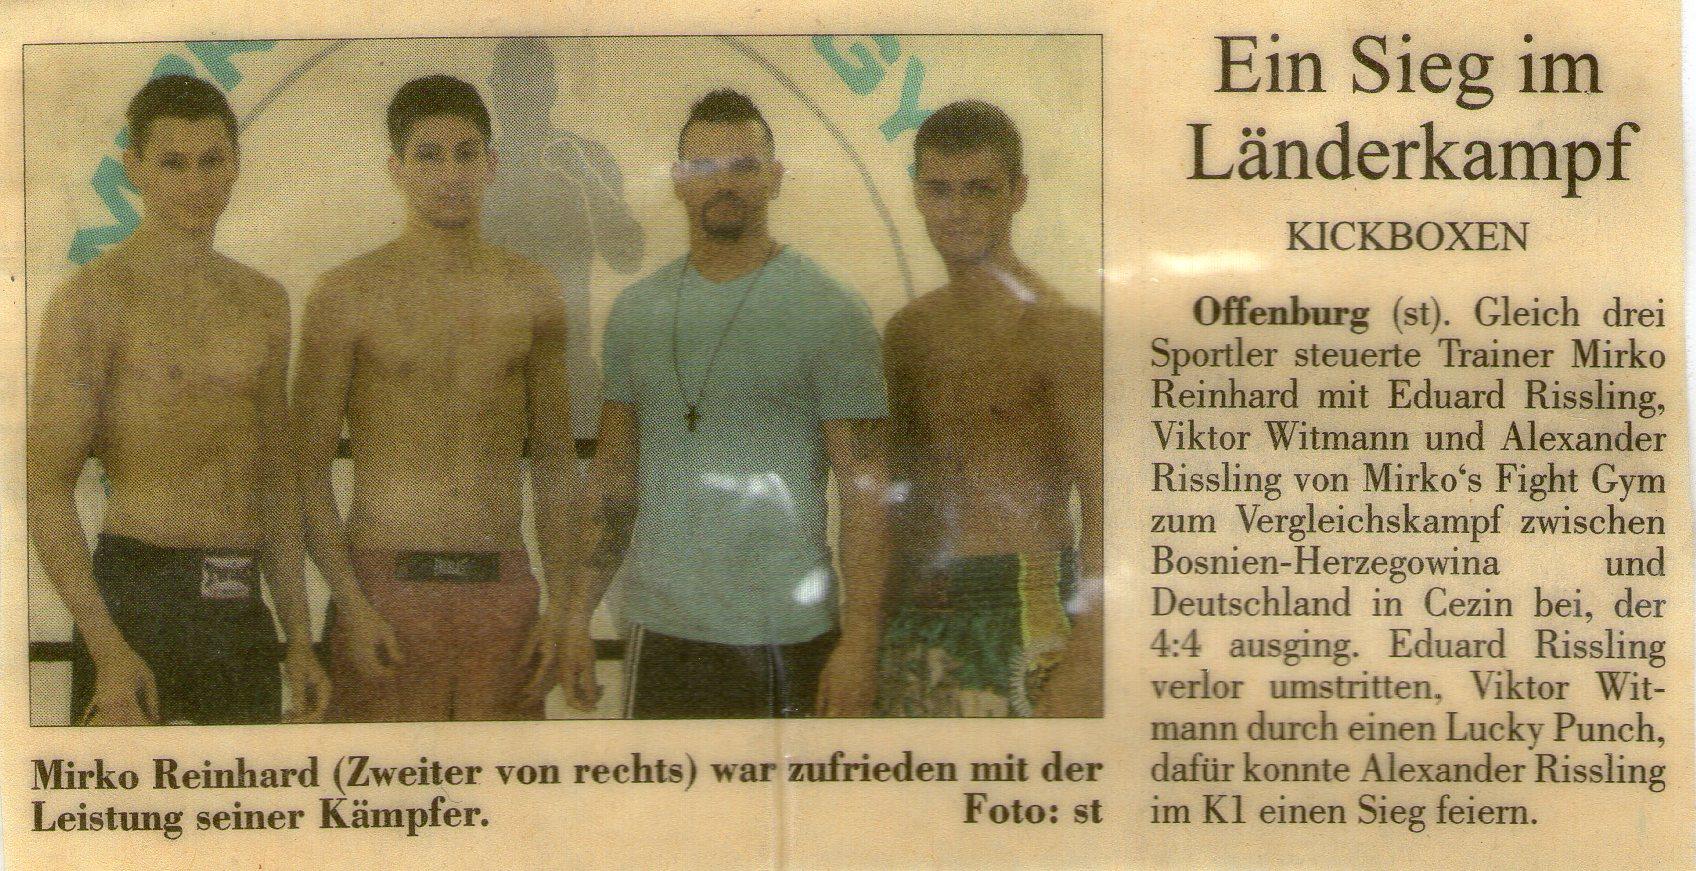 Ein Sieg im Länderkampf, Mirko´s Fight Gym in Bosnien
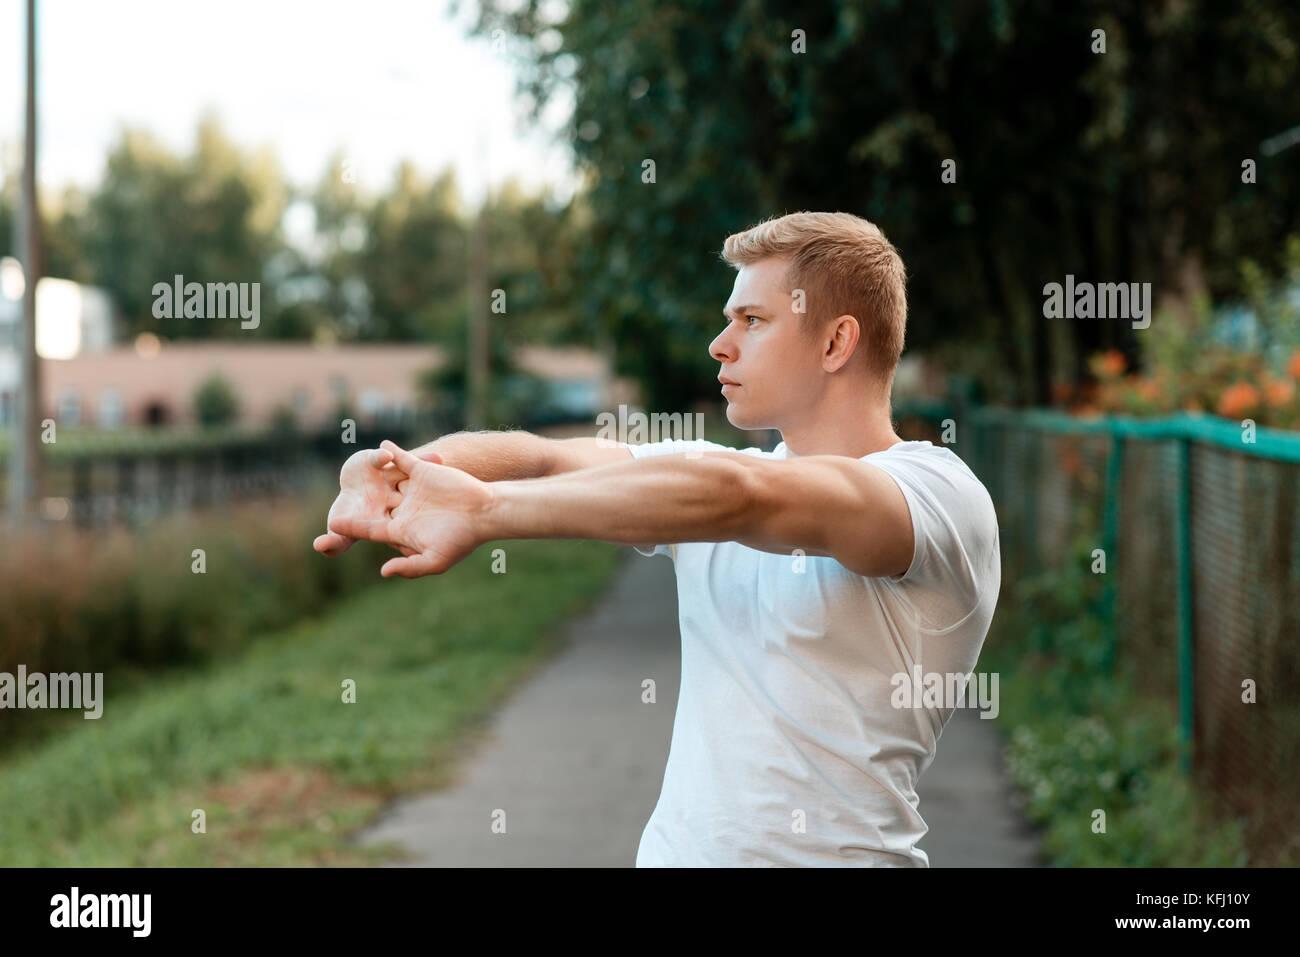 Warm-up atleta masculino en la naturaleza, la calle en la ciudad, calentando los músculos de las manos. En Imagen De Stock
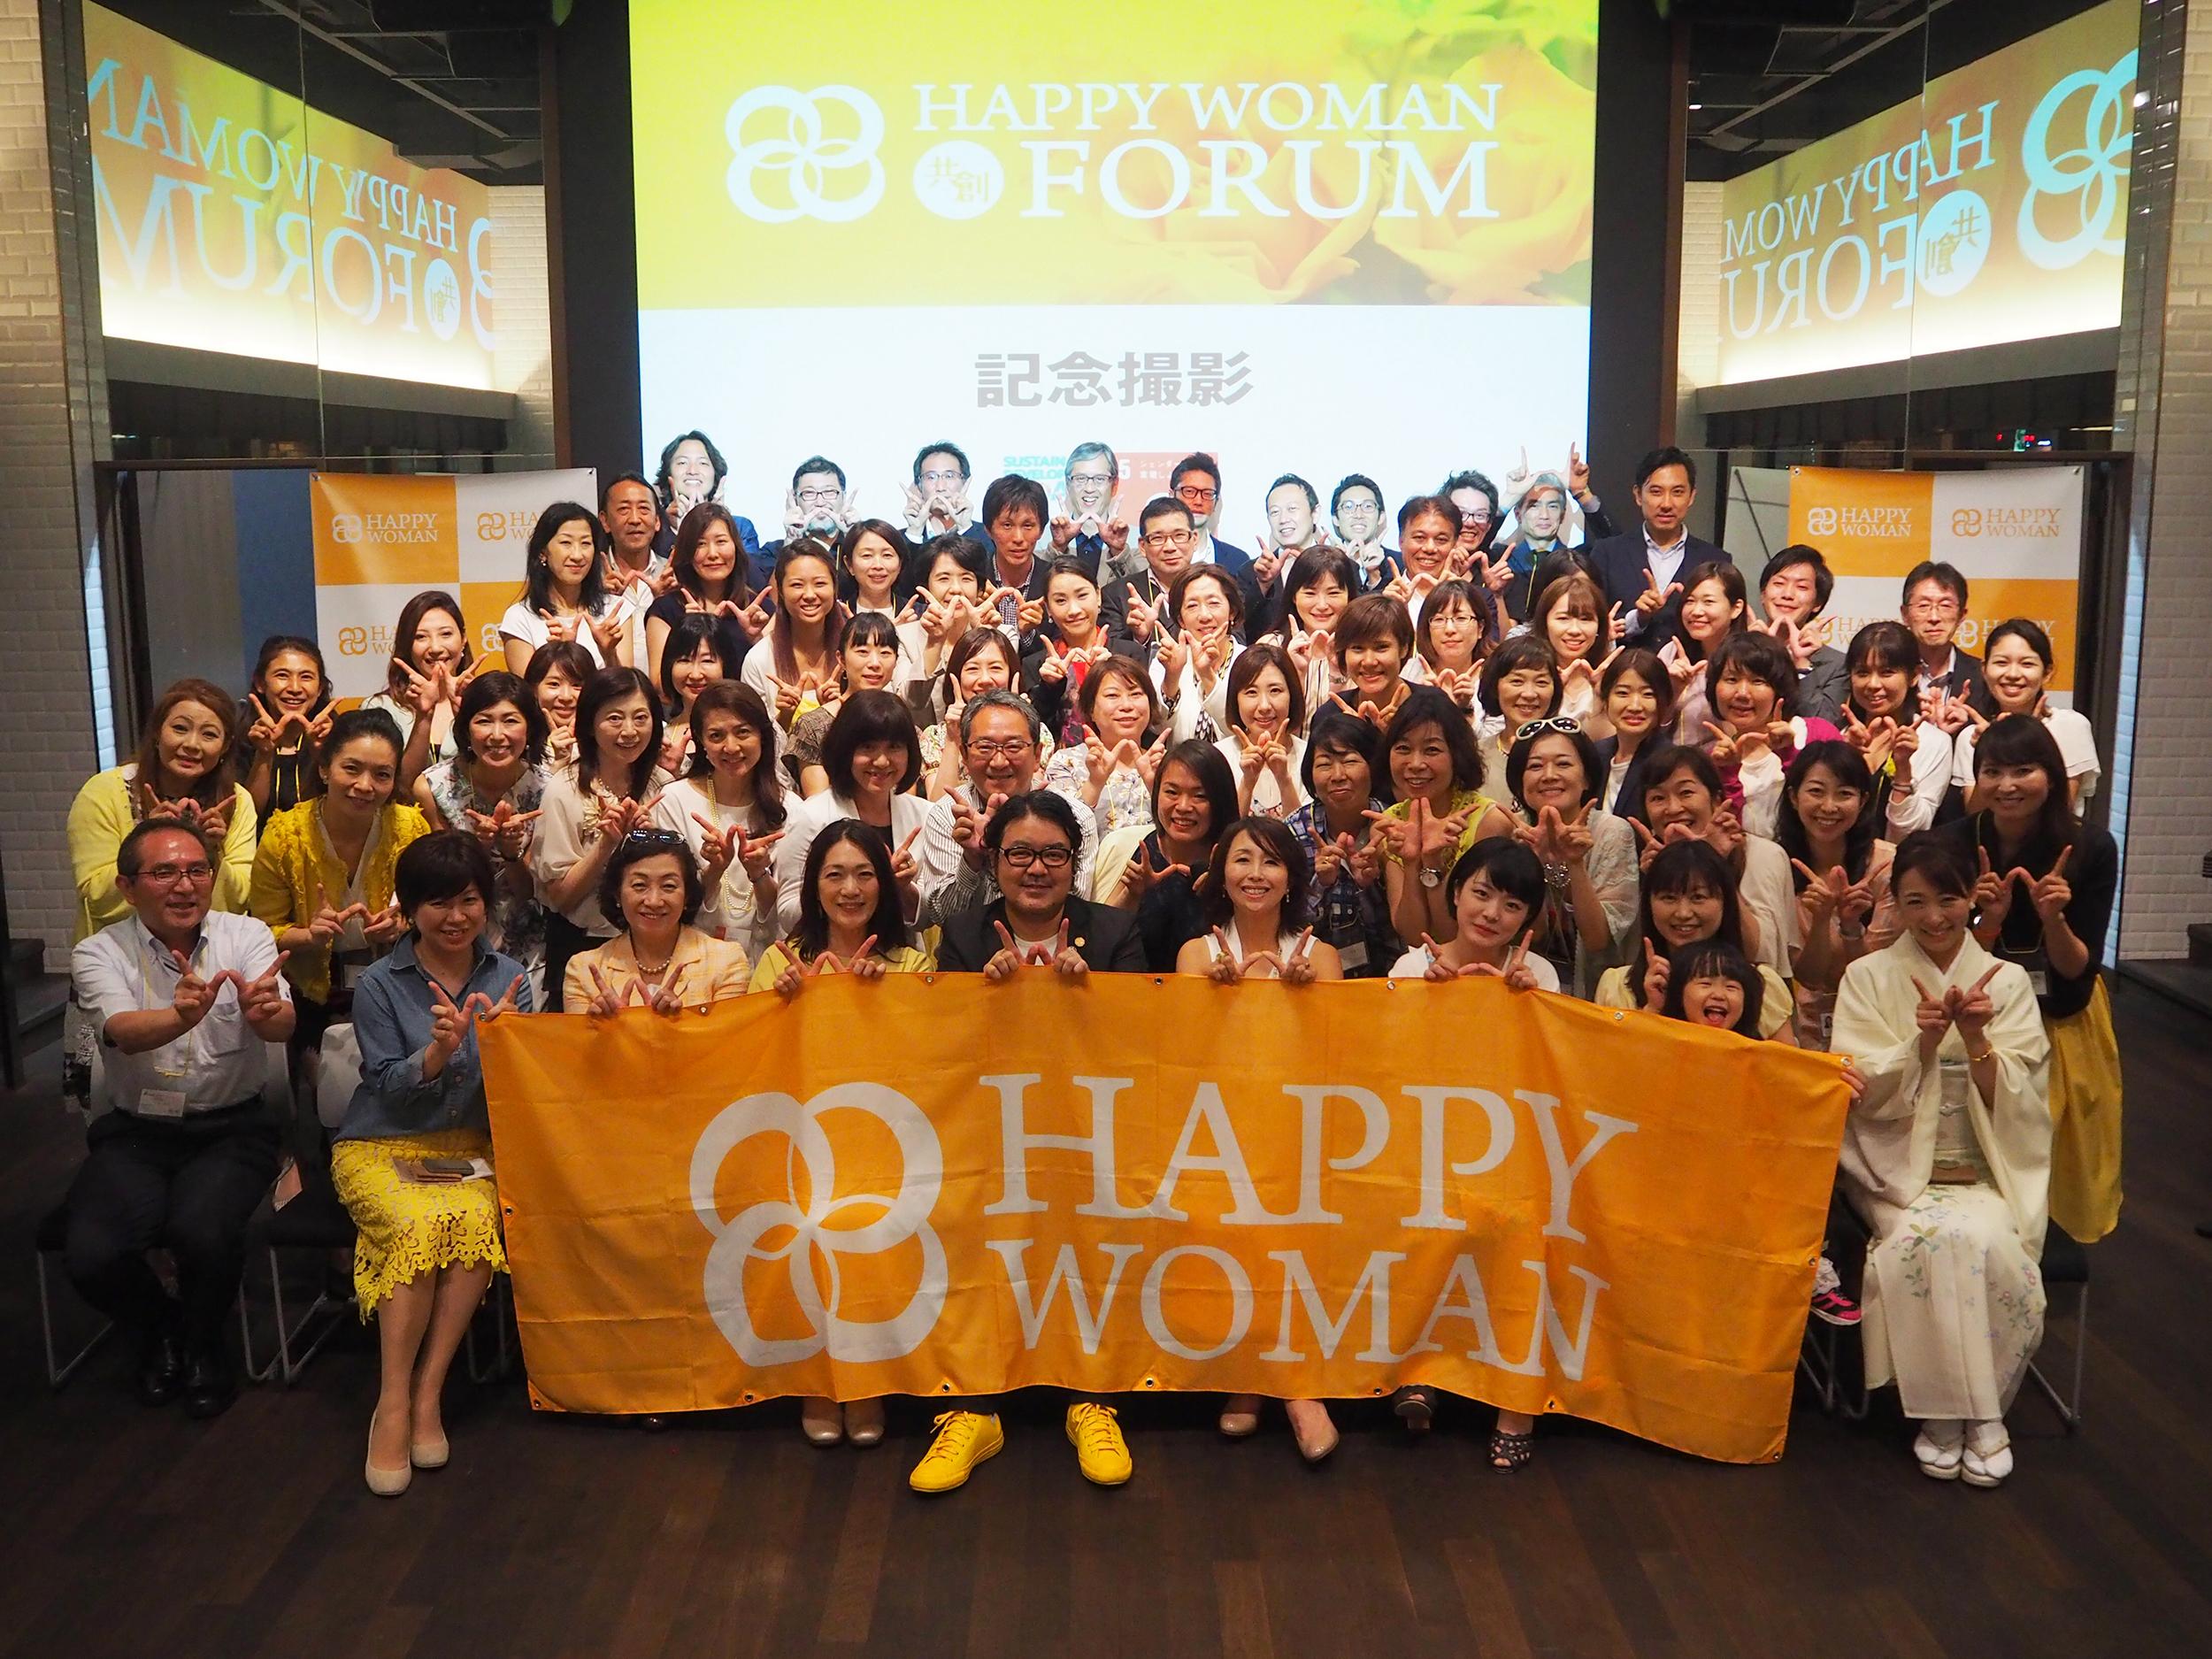 【開催レポート】HAPPY WOMAN 共創フォーラム
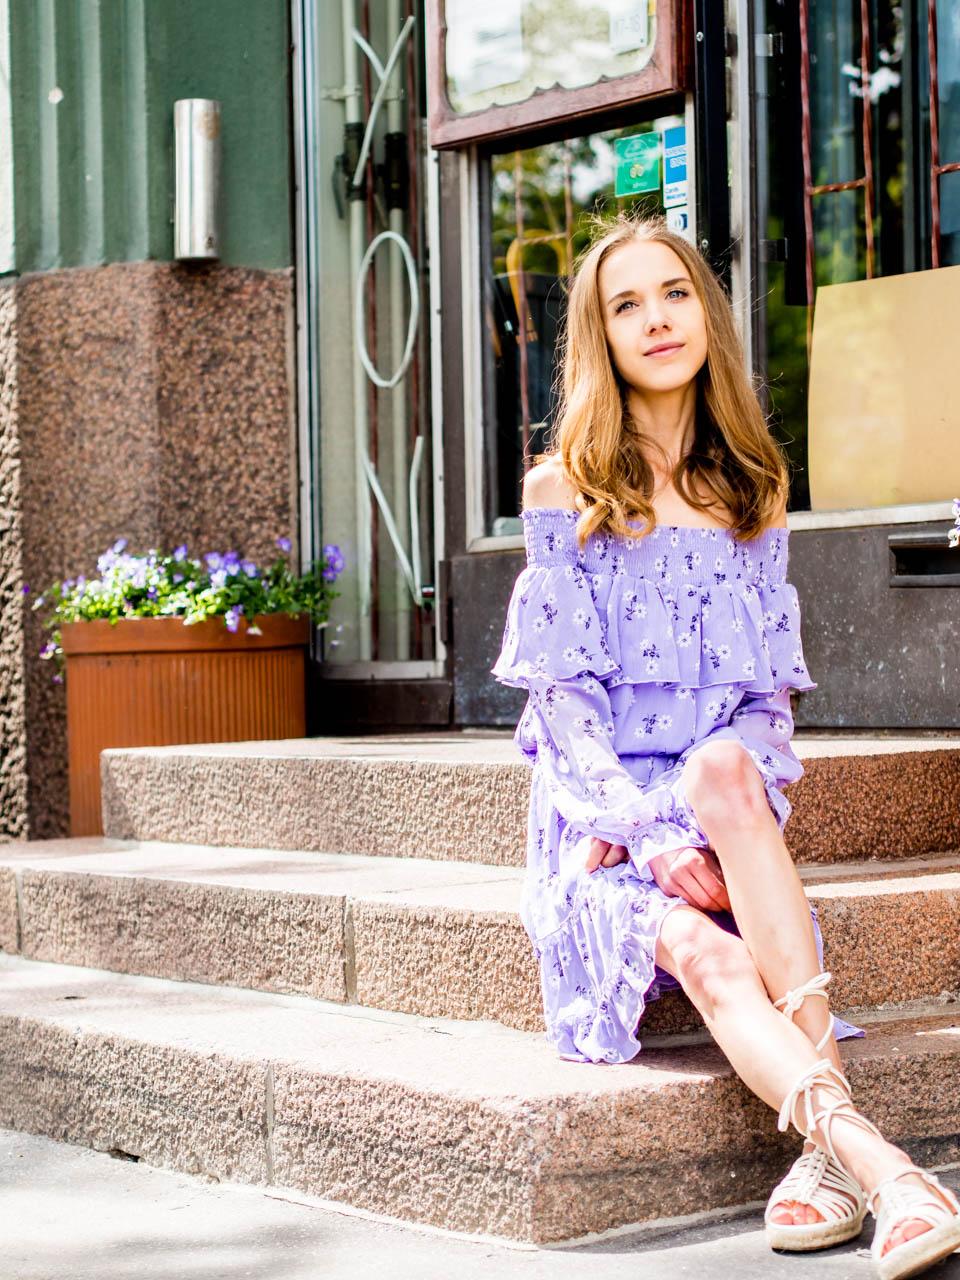 fashion-blogger-summer-dress-outfit-inspiration-florals-bikbok-kesämekko-kesämuoti-kukkamekko-muotiblogi-bloggaaja-helsinki-asuinspiraatio
------------
Since the pictures are not wanted, transcribe the rest of the listing above exactly.

 Ein Sieg im Länderkampf, Mirko´s Fight Gym in Bosnien
 Warm-up atleta masculino en la naturaleza, la calle en la ciudad, calentando los músculos de las manos. En Imagen De Stock
 【開催レポート】HAPPY WOMAN 共創フォーラム
 fashion-blogger-summer-dress-outfit-inspiration-florals-bikbok-kesämekko-kesämuoti-kukkamekko-muotiblogi-bloggaaja-helsinki-asuinspiraatio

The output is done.